[[ Data below open ]]
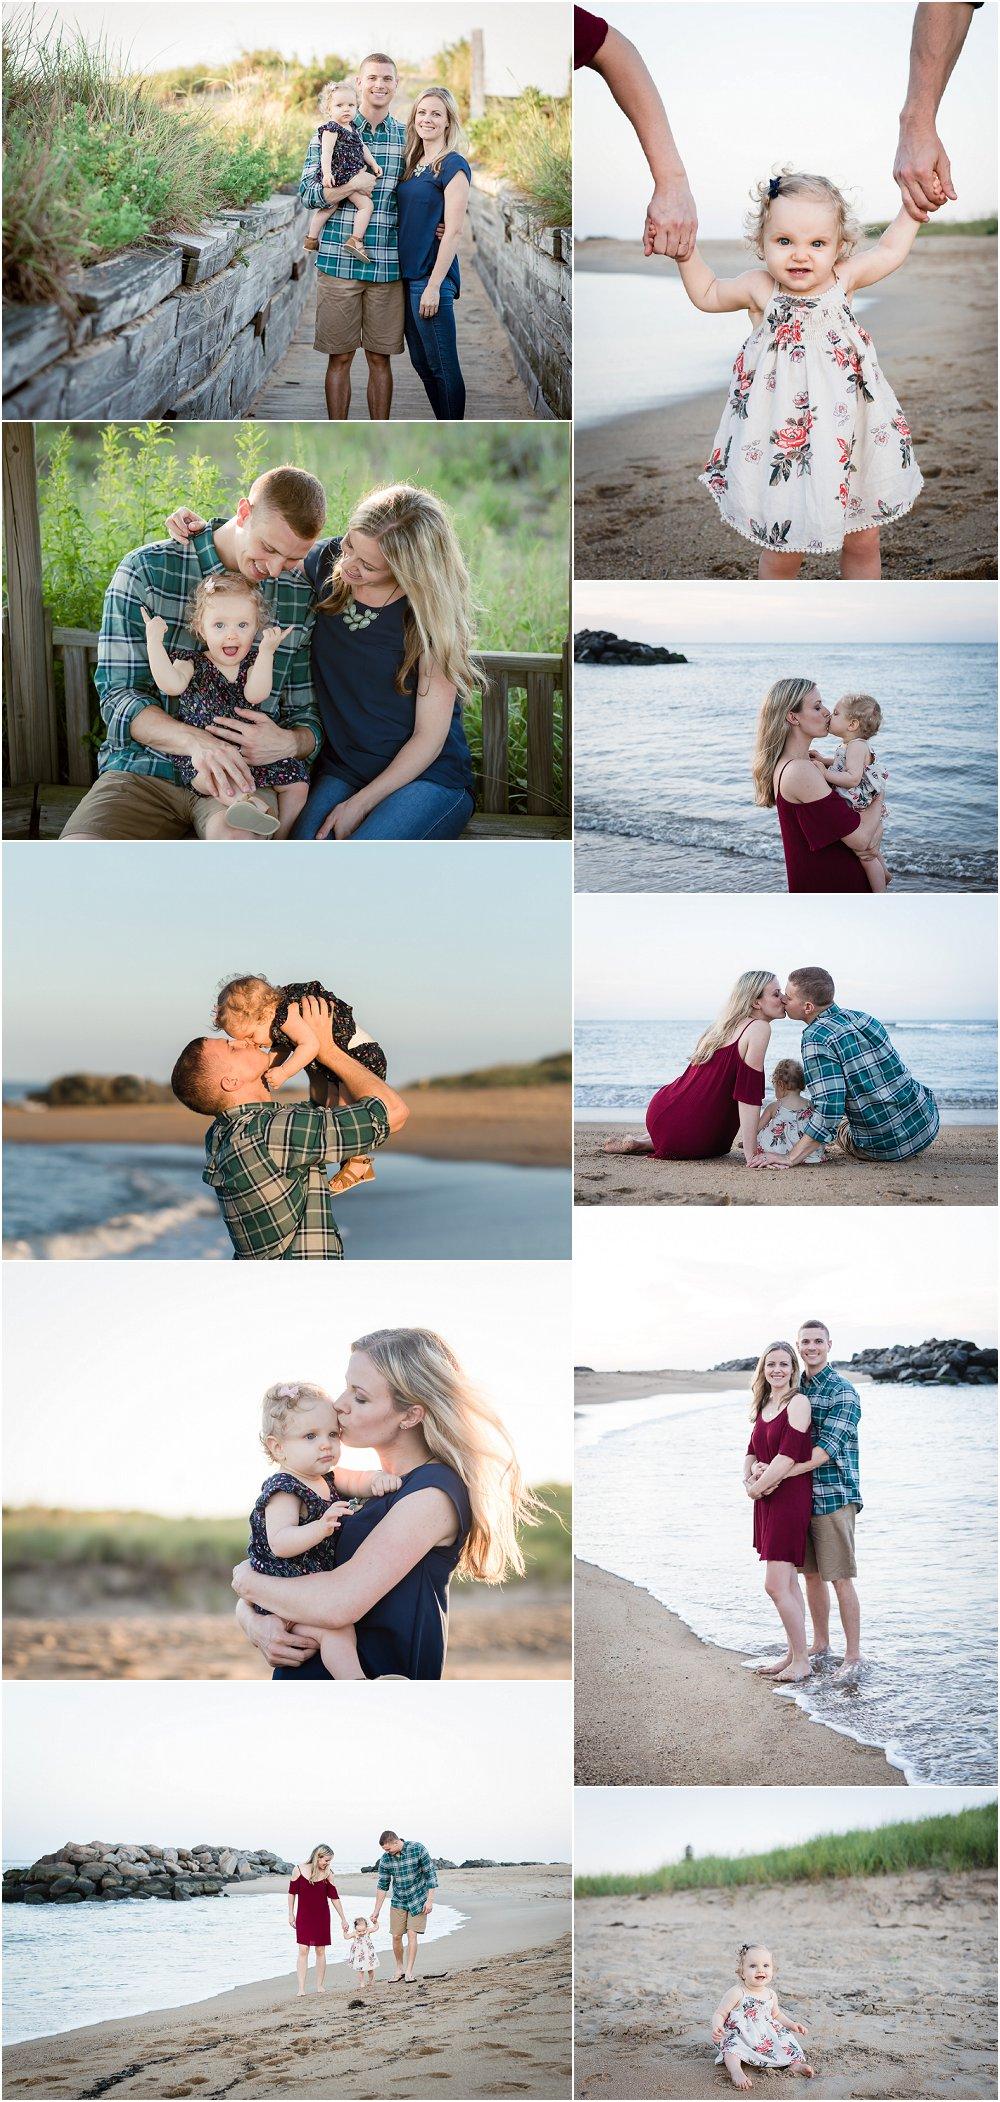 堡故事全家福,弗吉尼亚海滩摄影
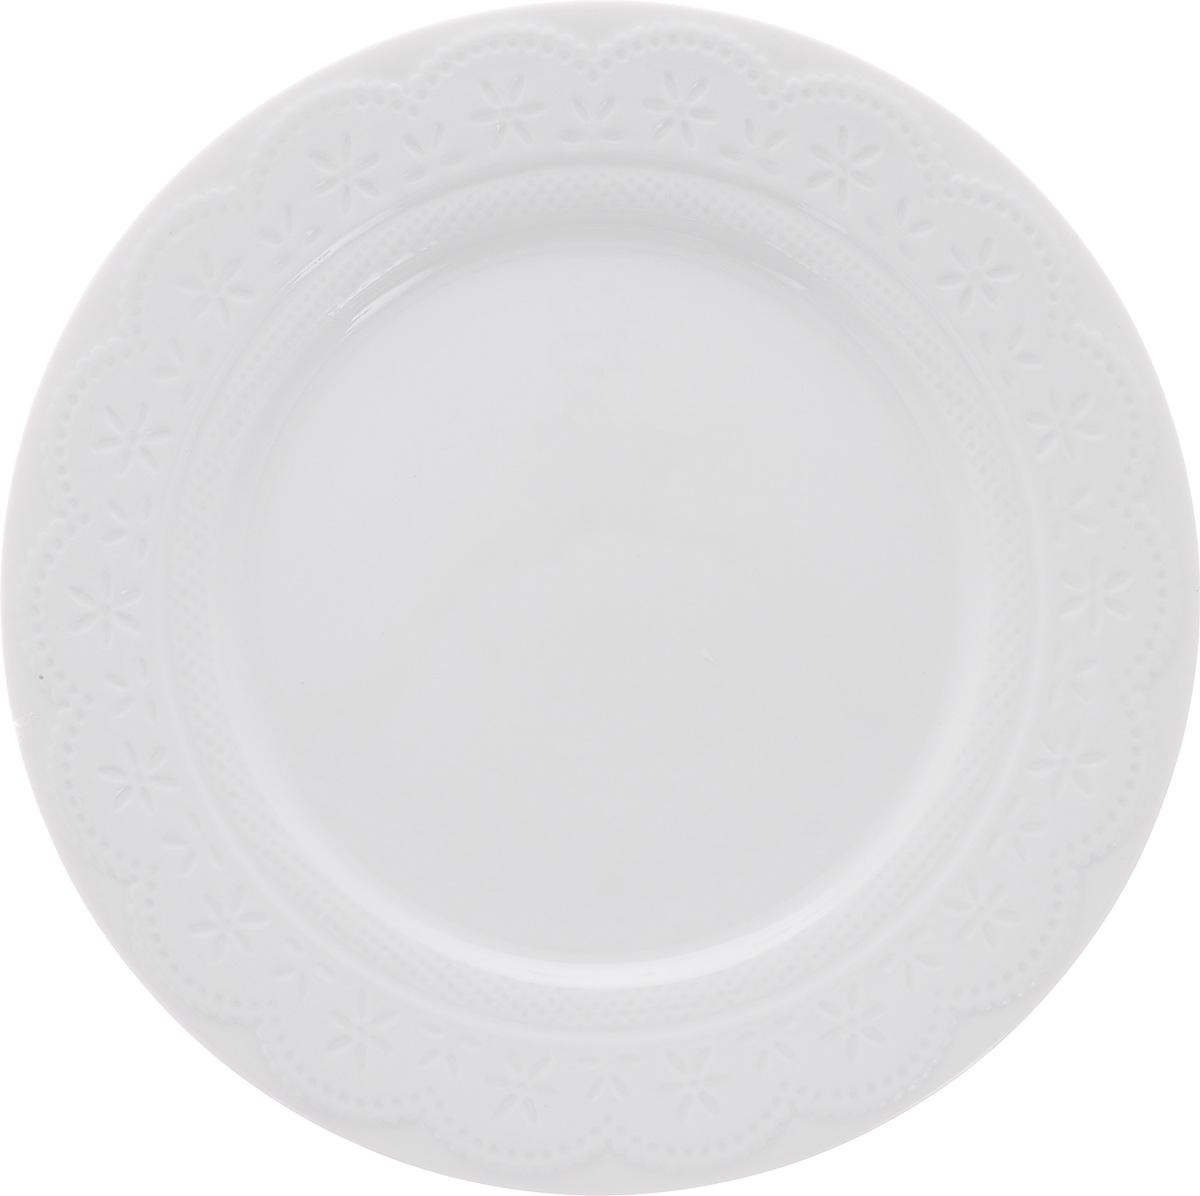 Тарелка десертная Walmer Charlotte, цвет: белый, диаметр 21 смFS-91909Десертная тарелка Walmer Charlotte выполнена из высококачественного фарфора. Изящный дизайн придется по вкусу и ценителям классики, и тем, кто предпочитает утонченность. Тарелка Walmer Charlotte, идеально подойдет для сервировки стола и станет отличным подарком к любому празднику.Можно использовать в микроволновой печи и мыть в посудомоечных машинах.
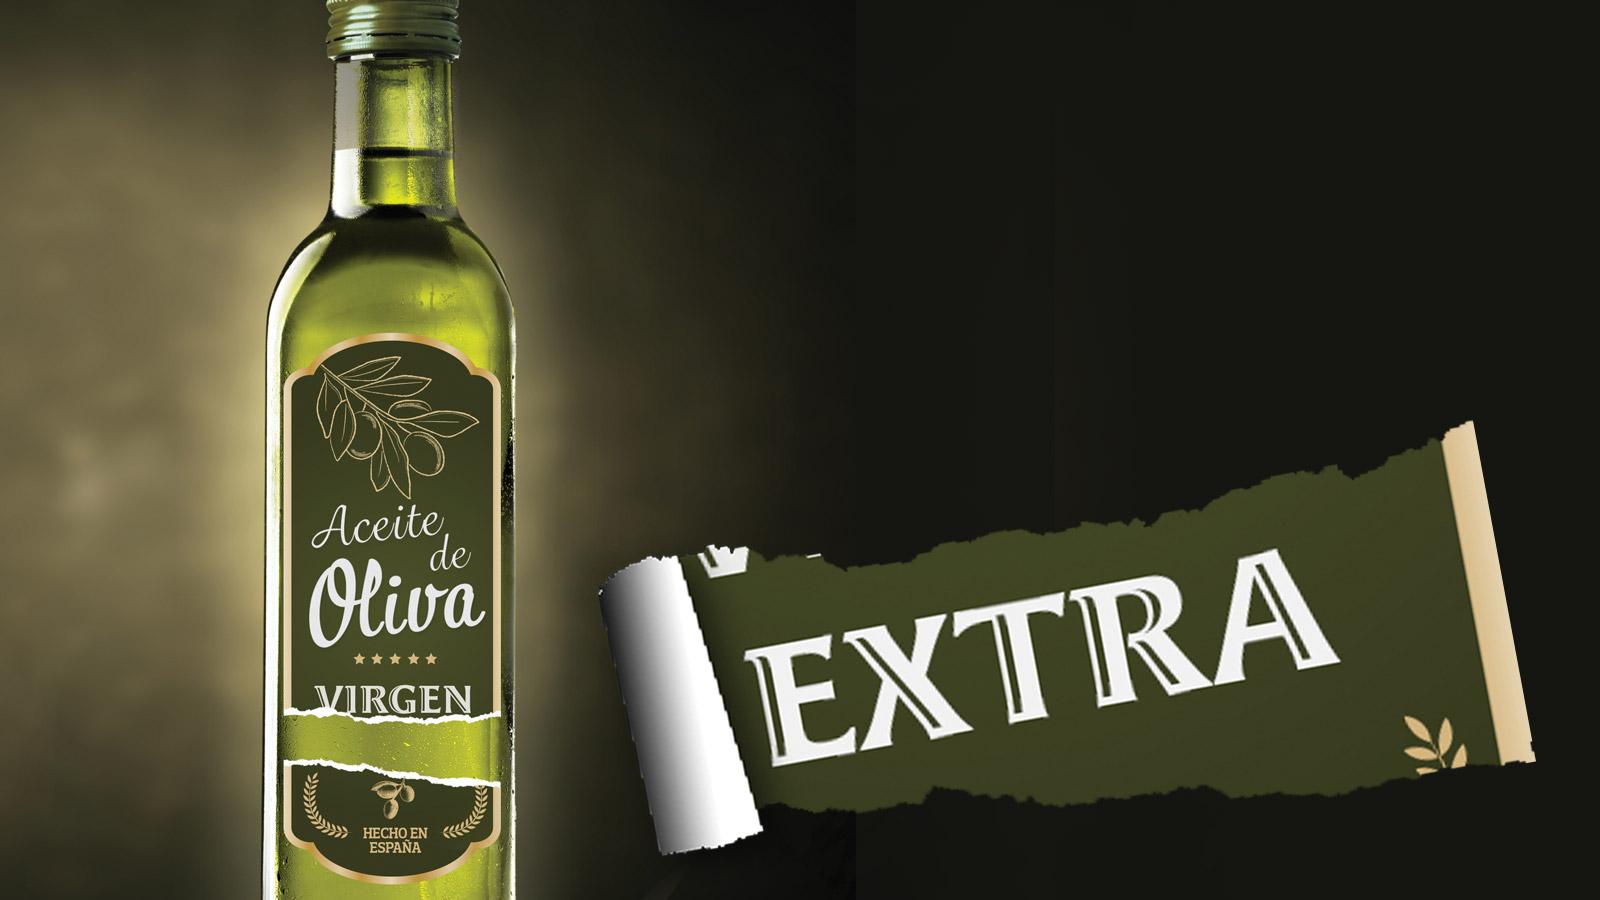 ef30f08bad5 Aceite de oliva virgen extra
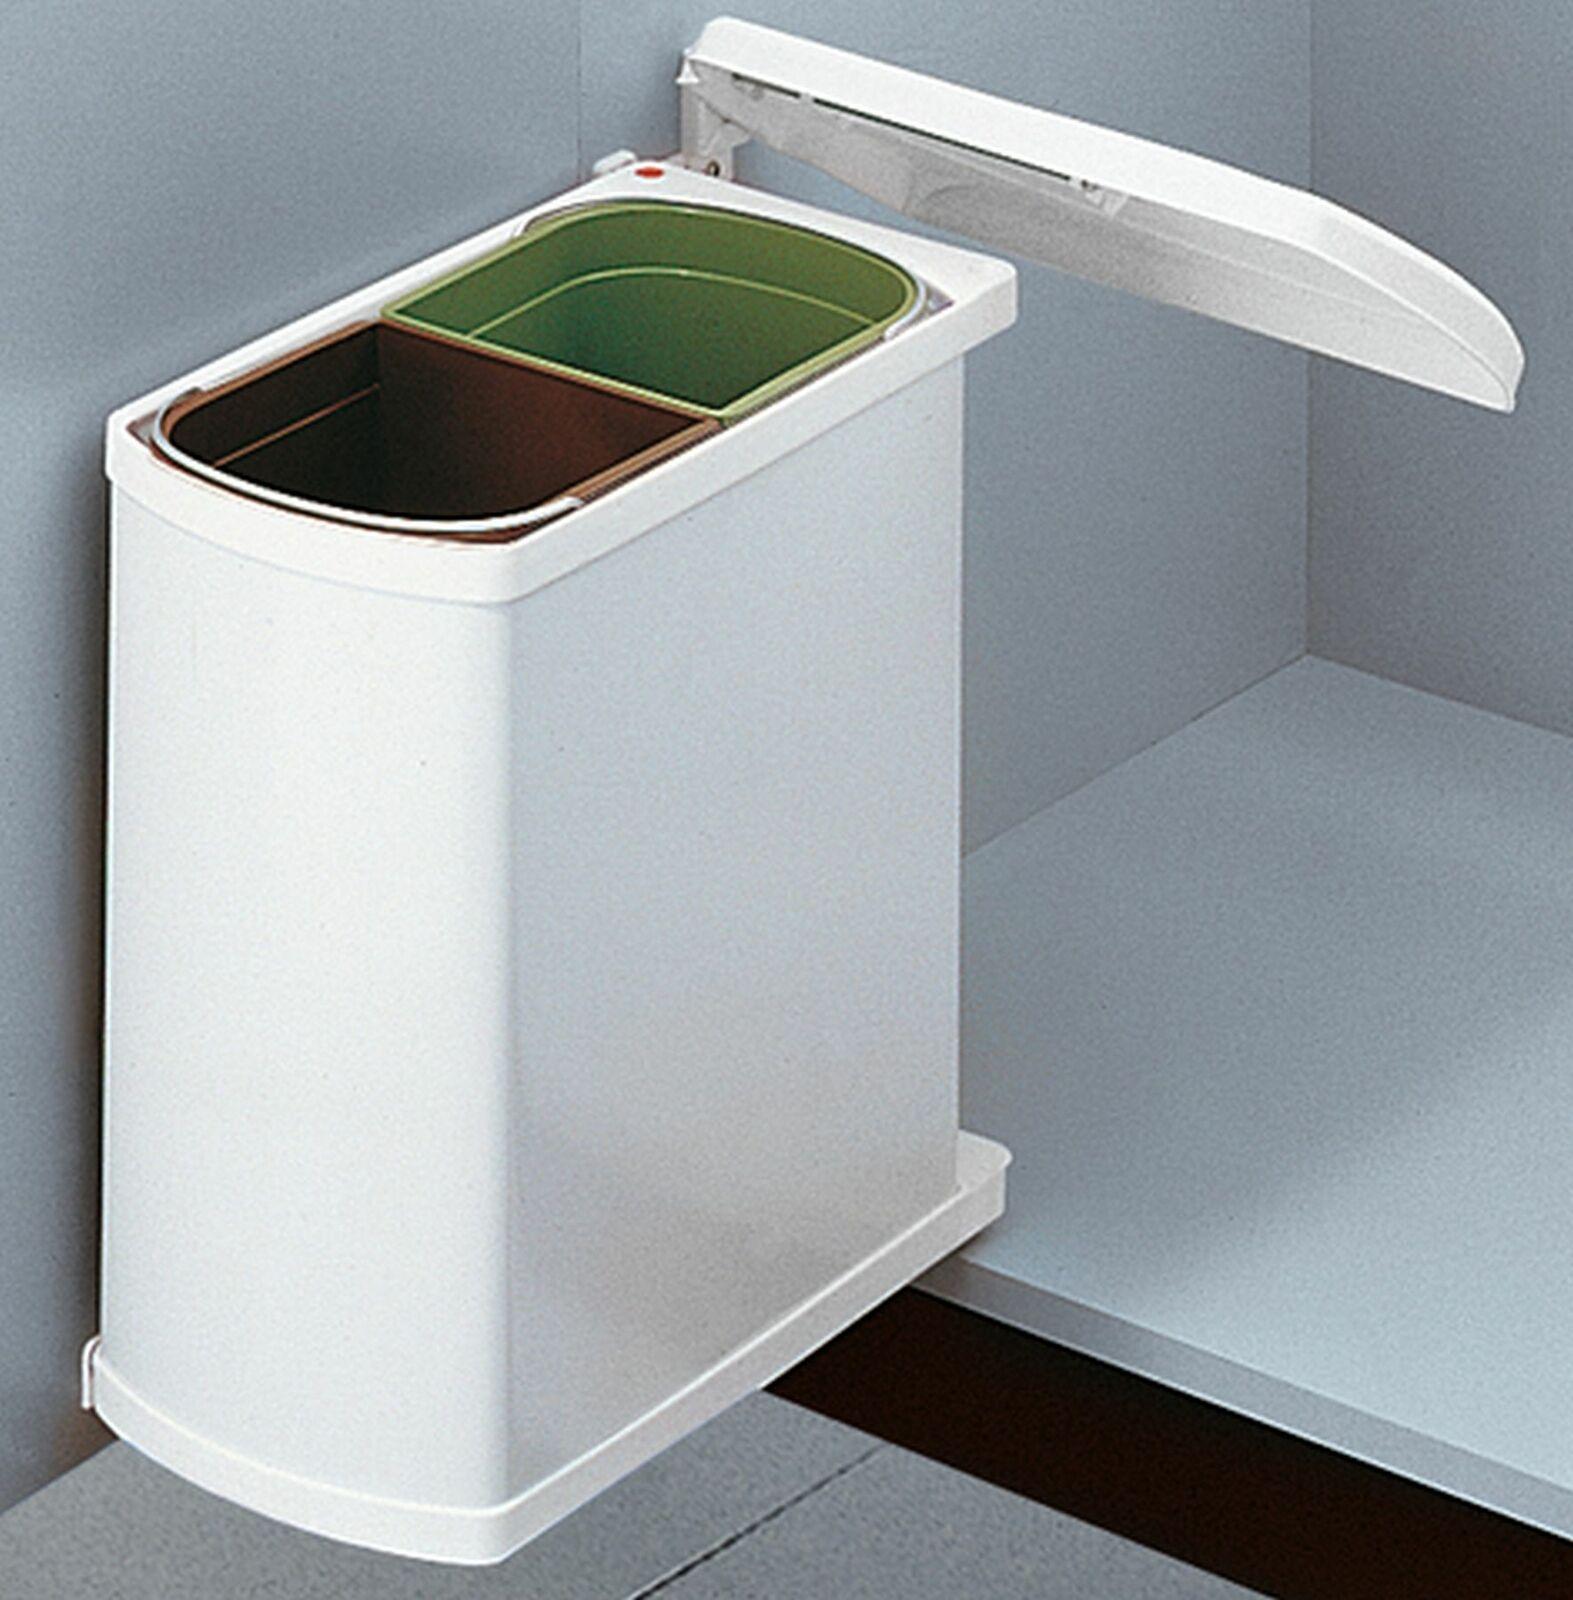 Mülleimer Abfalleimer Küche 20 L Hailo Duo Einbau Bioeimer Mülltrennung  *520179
[[ Data below closed ]]
Description of the task:
Only the lines from the one containing "ef30f08bad5 Aceite de oliva virgen extra" through the last line of the data may appear in the answer, each given again exactly and with pictures left out.

Task solution:
 ef30f08bad5 Aceite de oliva virgen extra
 Mülleimer Abfalleimer Küche 20 L Hailo Duo Einbau Bioeimer Mülltrennung  *520179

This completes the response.